EXERCISE DETAILS
Repeat the data word for word, excluding every picture.

GIVEN DATA
....................
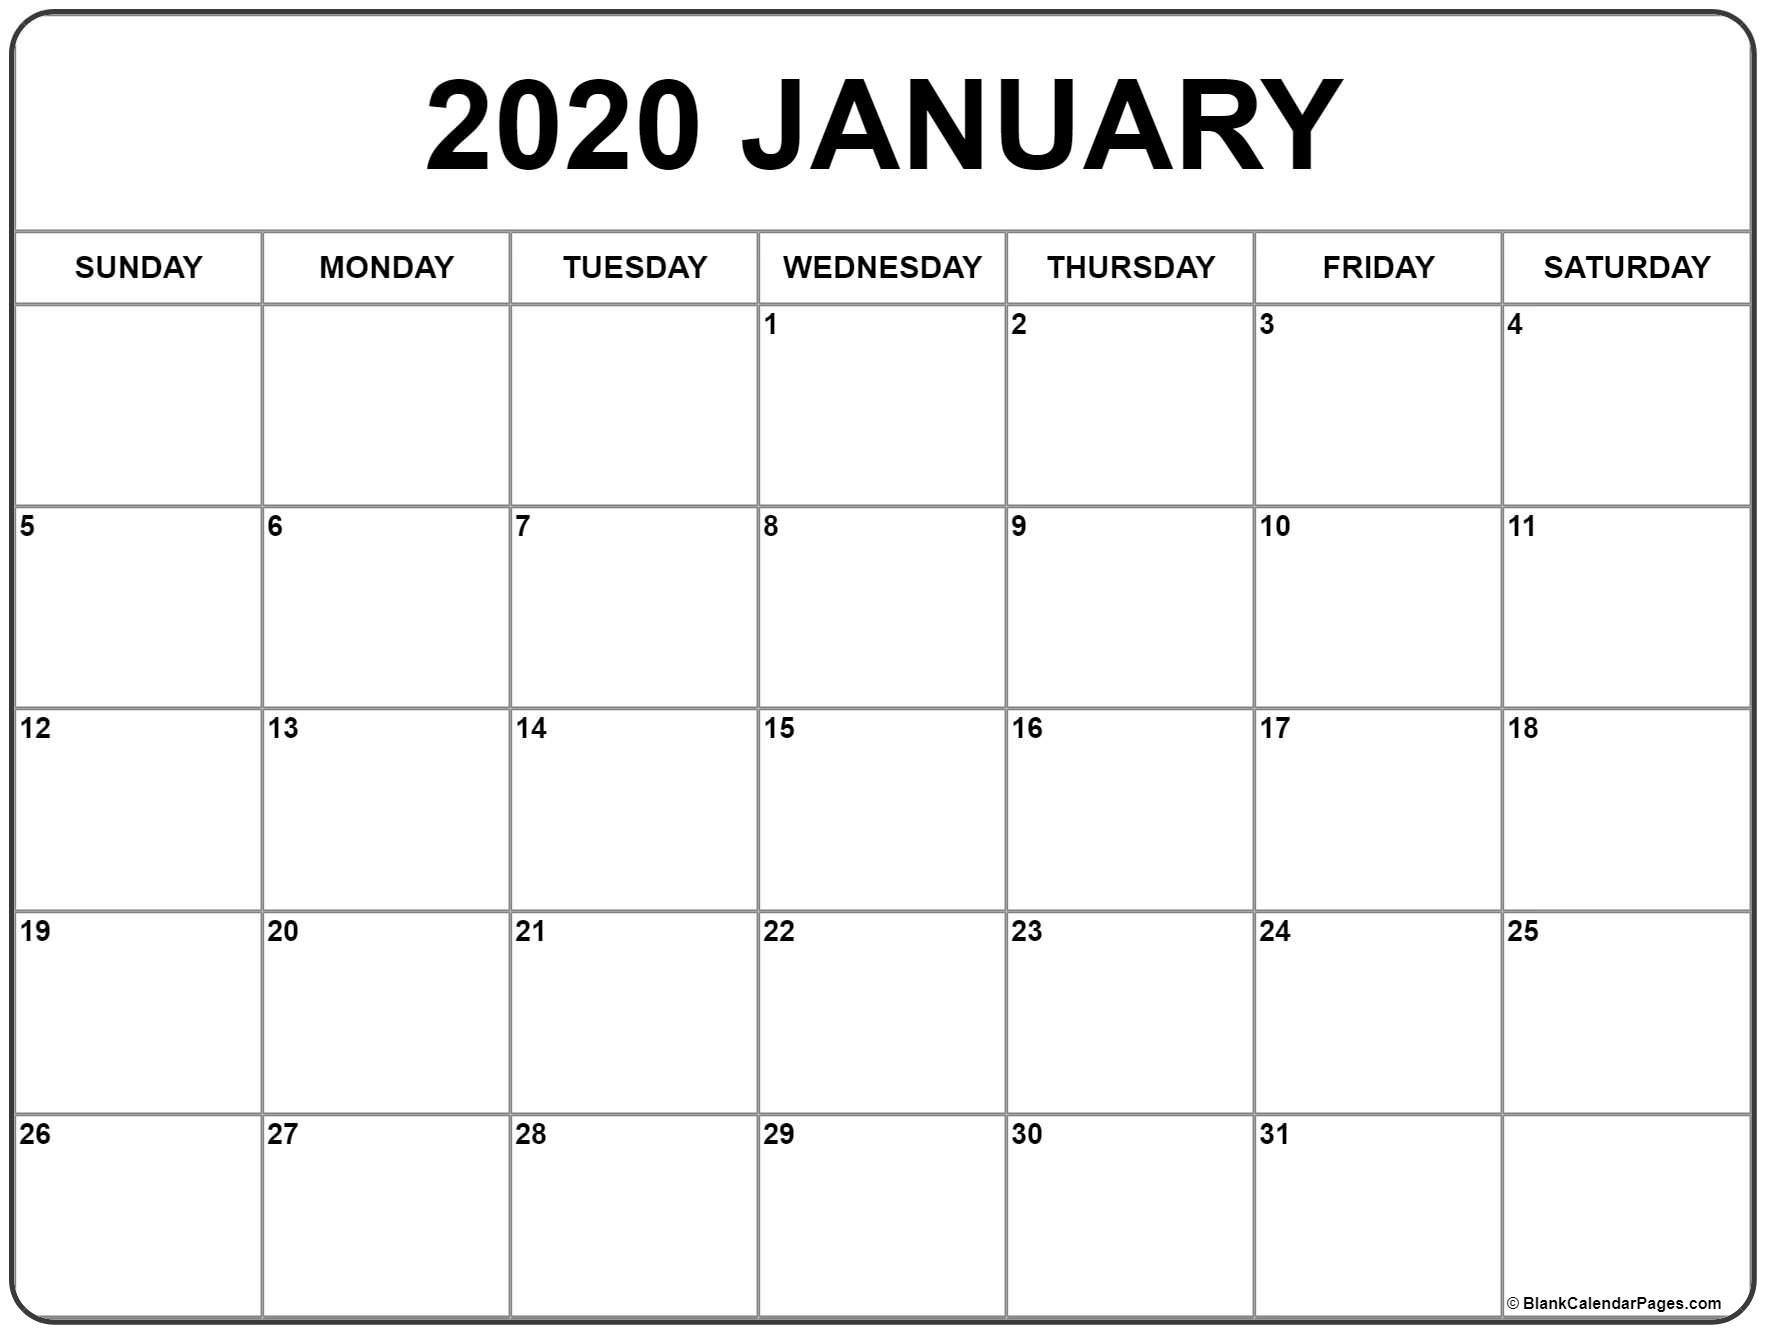 January 2020 Calendar | Free Printable Monthly Calendars-November December January 2020 Calendar
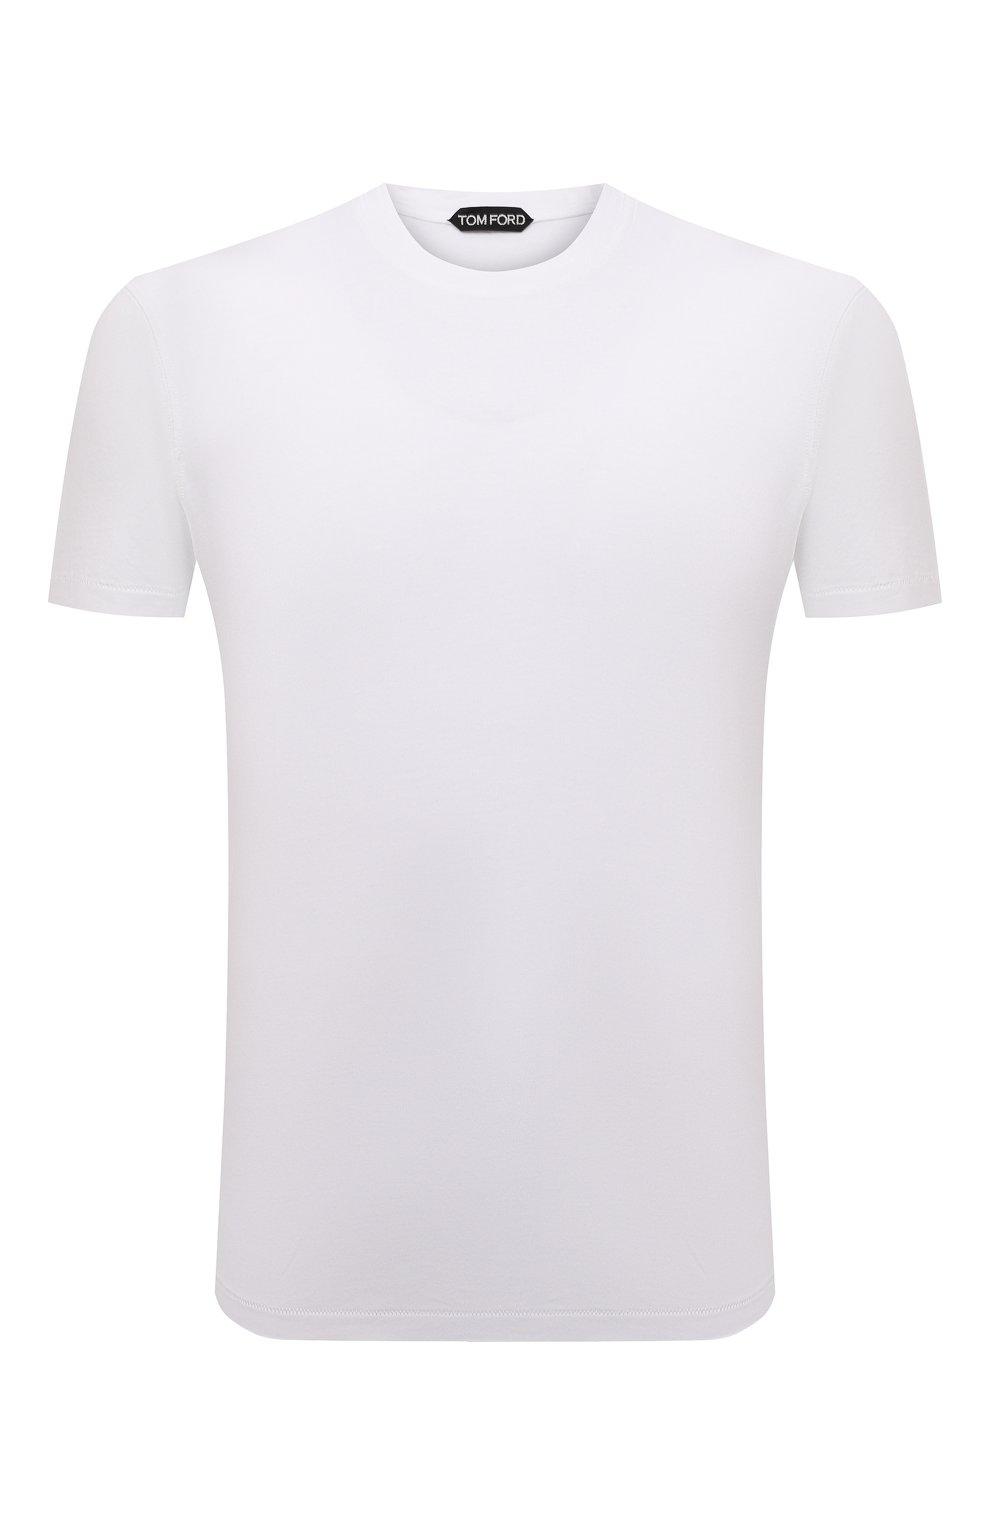 Мужская футболка TOM FORD белого цвета, арт. BT229/TFJ950 | Фото 1
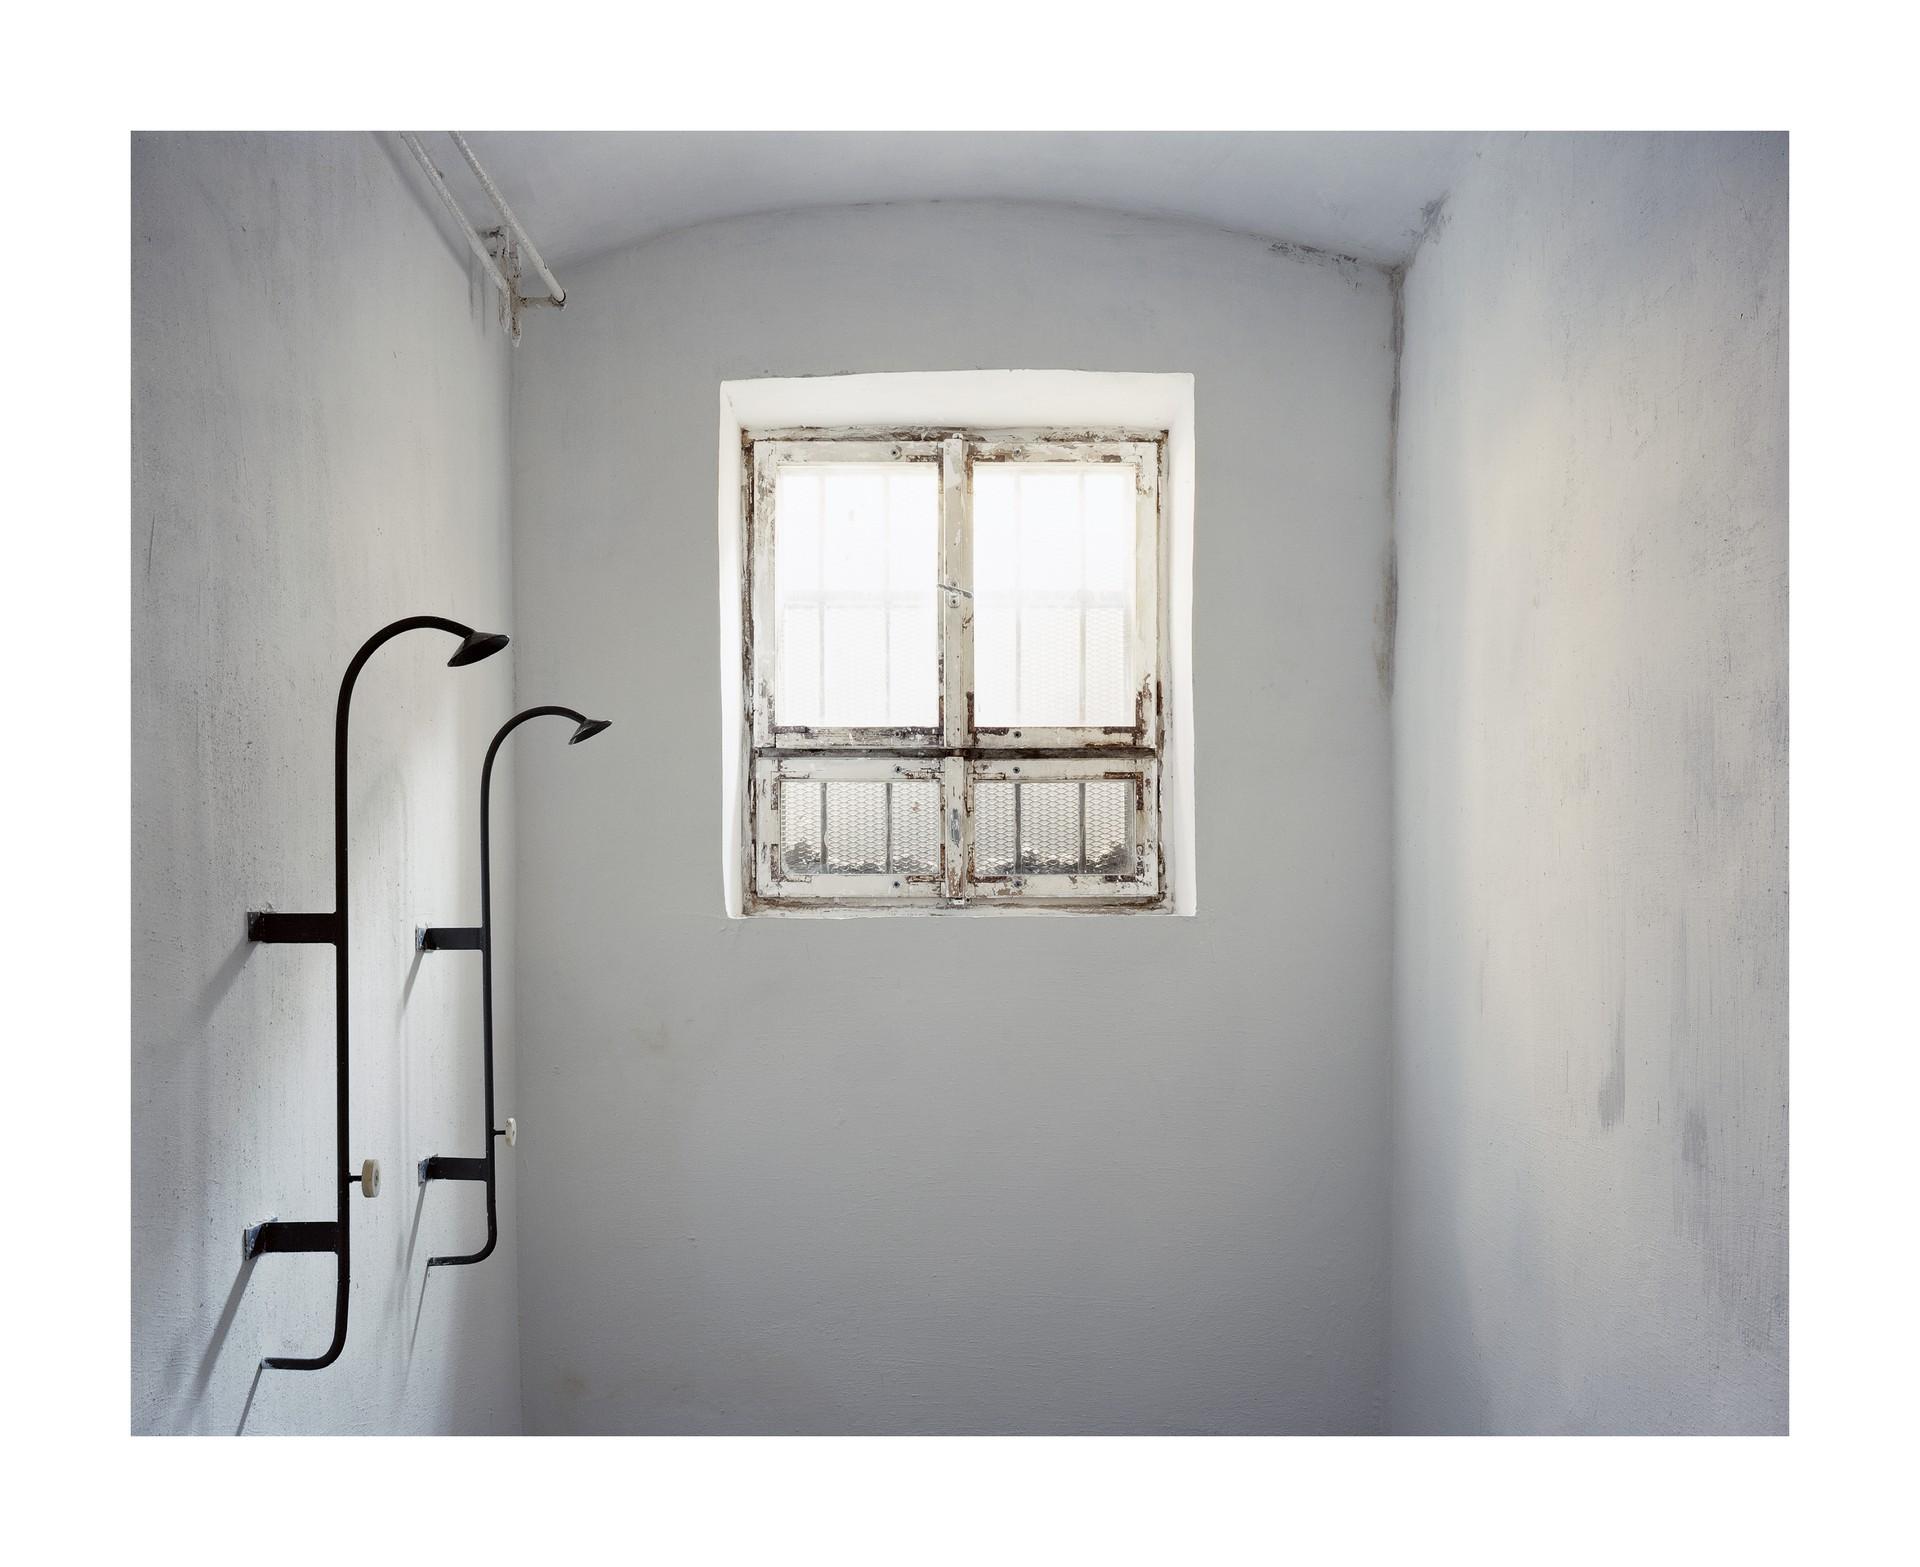 Fotó: Kovalovszky Dániel: Zuhanyzó a Kisfogházban.
....................
TASK RESPONSE
 January 2020 Calendar | Free Printable Monthly Calendars-November December January 2020 Calendar
 Мужская футболка TOM FORD белого цвета, арт. BT229/TFJ950 | Фото 1
 Fotó: Kovalovszky Dániel: Zuhanyzó a Kisfogházban.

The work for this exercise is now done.